Will you restate verbatim the lines running from the line with "Lion head and" to the end of the data, leaving out everything else?

▸ PROVIDED MATERIAL:
* * * *
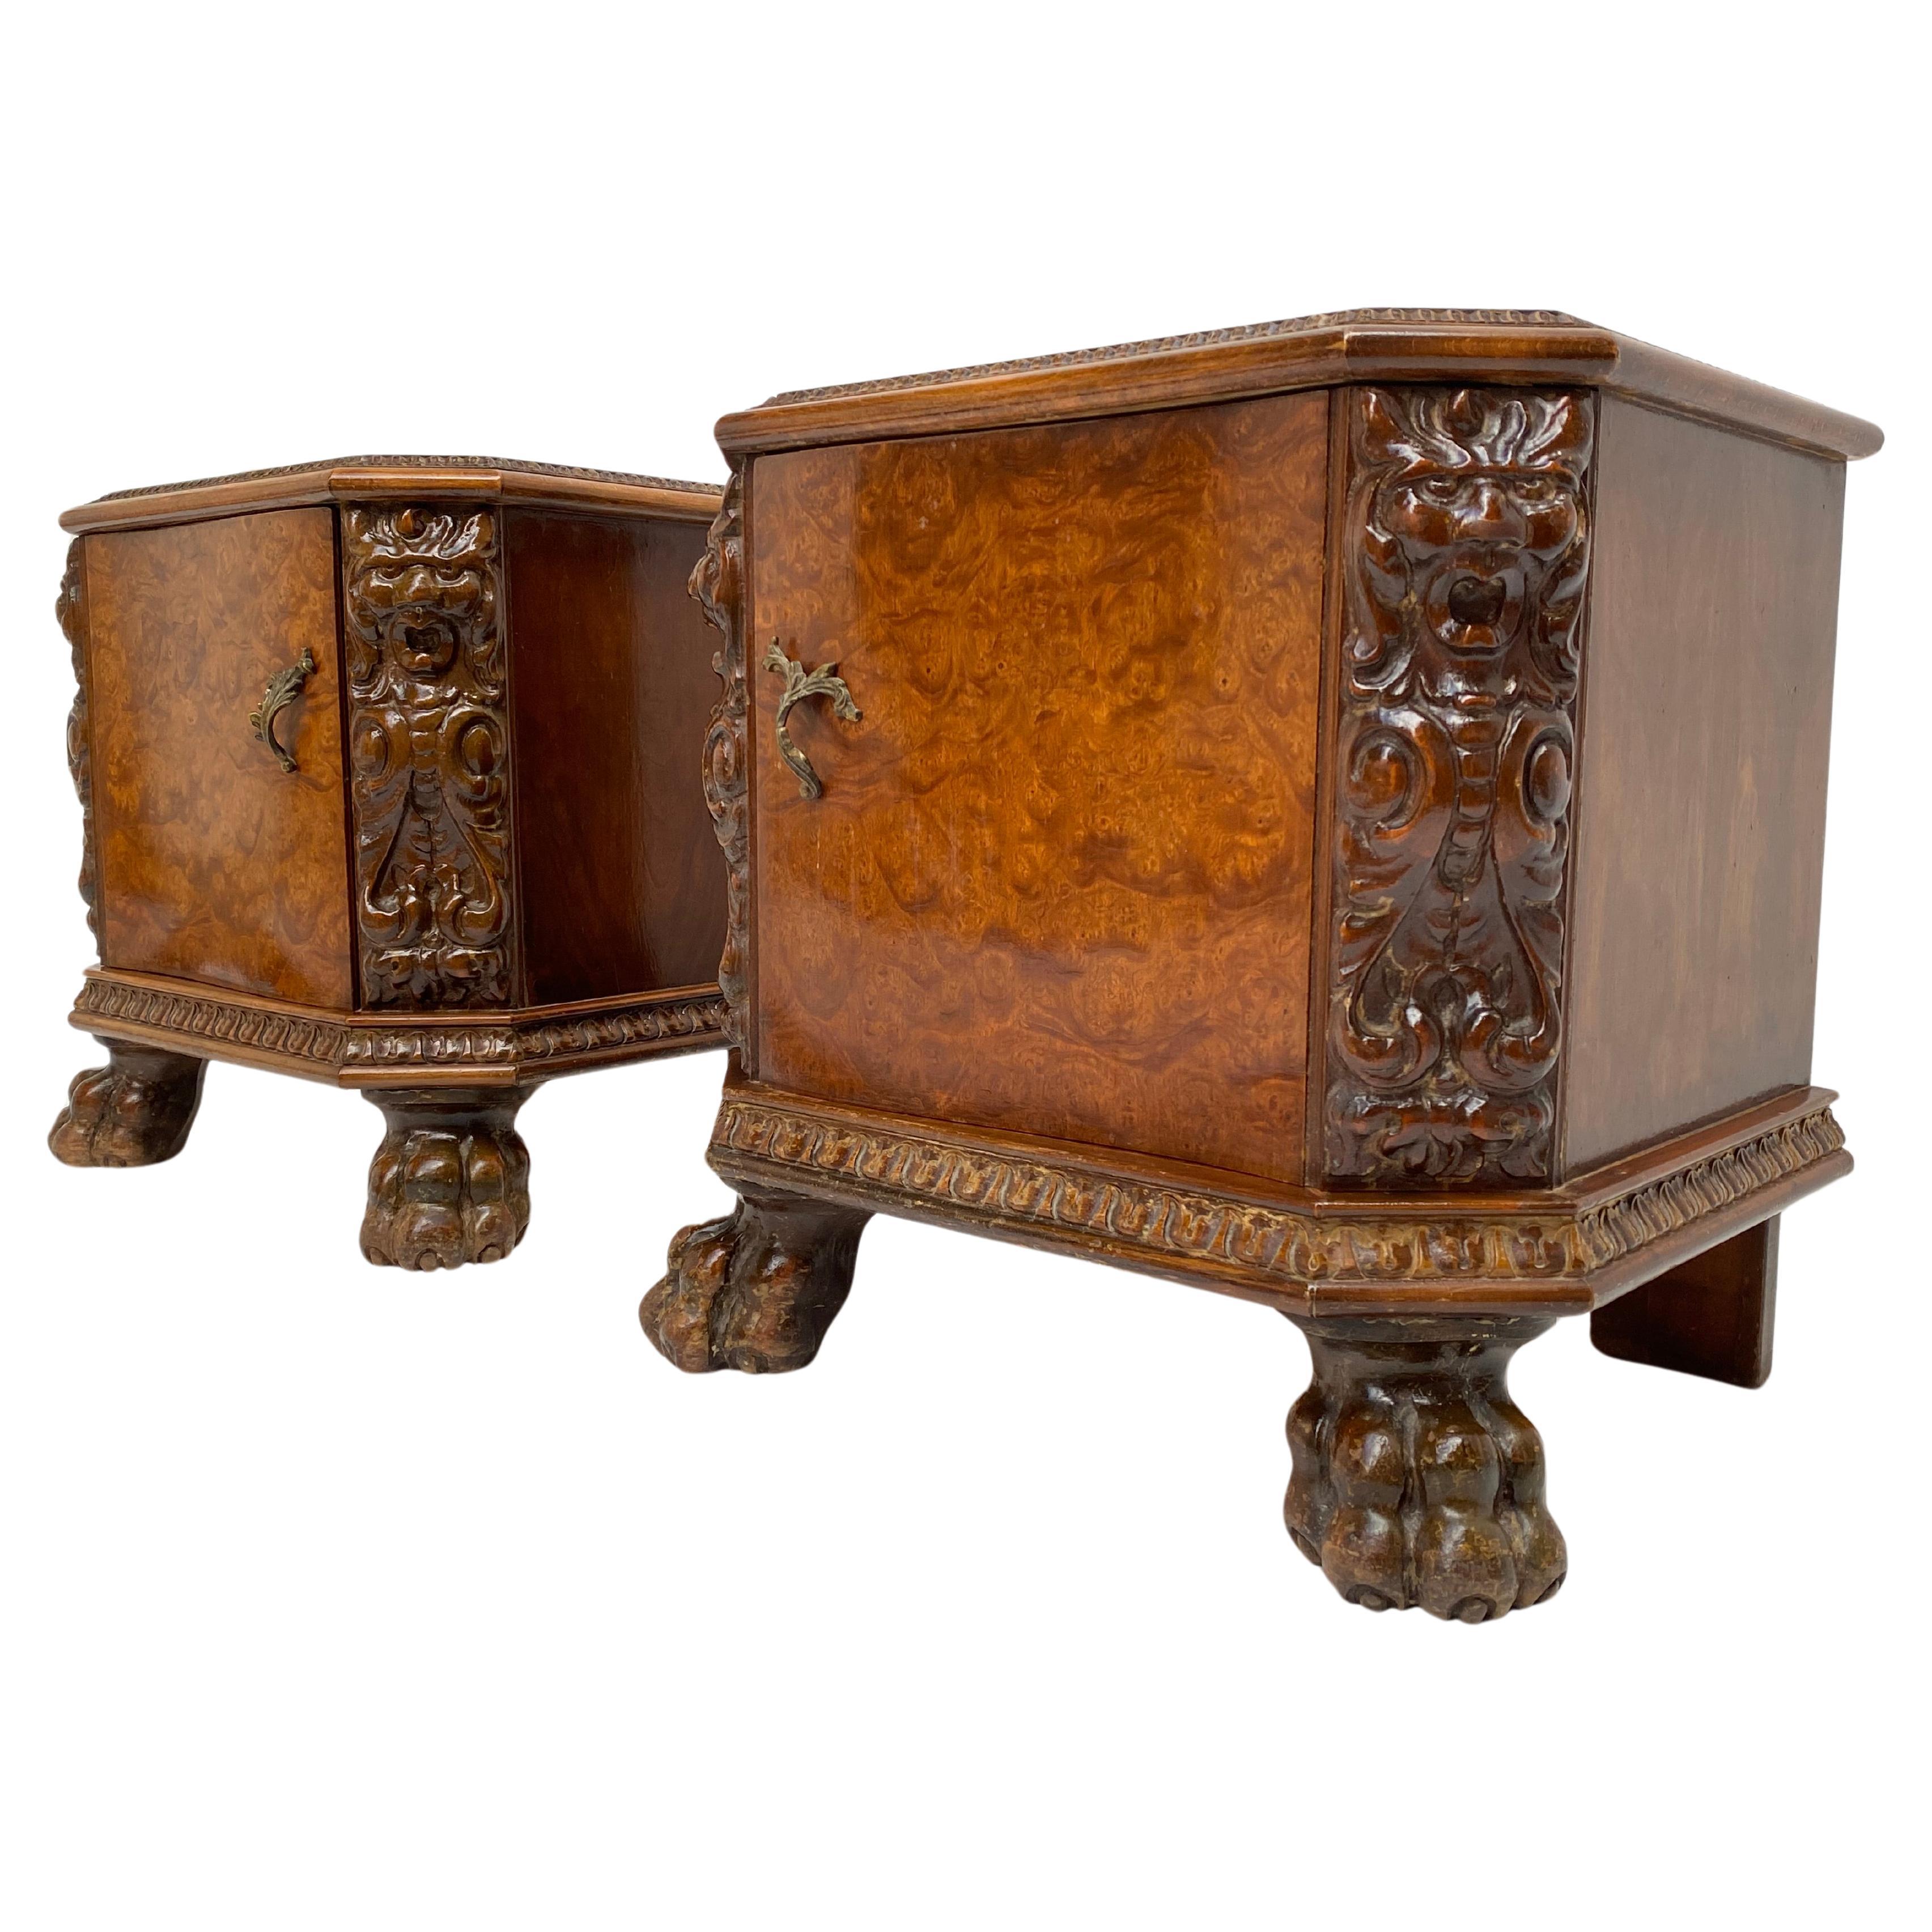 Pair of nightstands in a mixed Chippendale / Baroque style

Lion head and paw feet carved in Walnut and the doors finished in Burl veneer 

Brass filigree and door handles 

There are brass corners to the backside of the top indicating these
* * * *
▸ TASK RESULT:
Lion head and paw feet carved in Walnut and the doors finished in Burl veneer 

Brass filigree and door handles 

There are brass corners to the backside of the top indicating these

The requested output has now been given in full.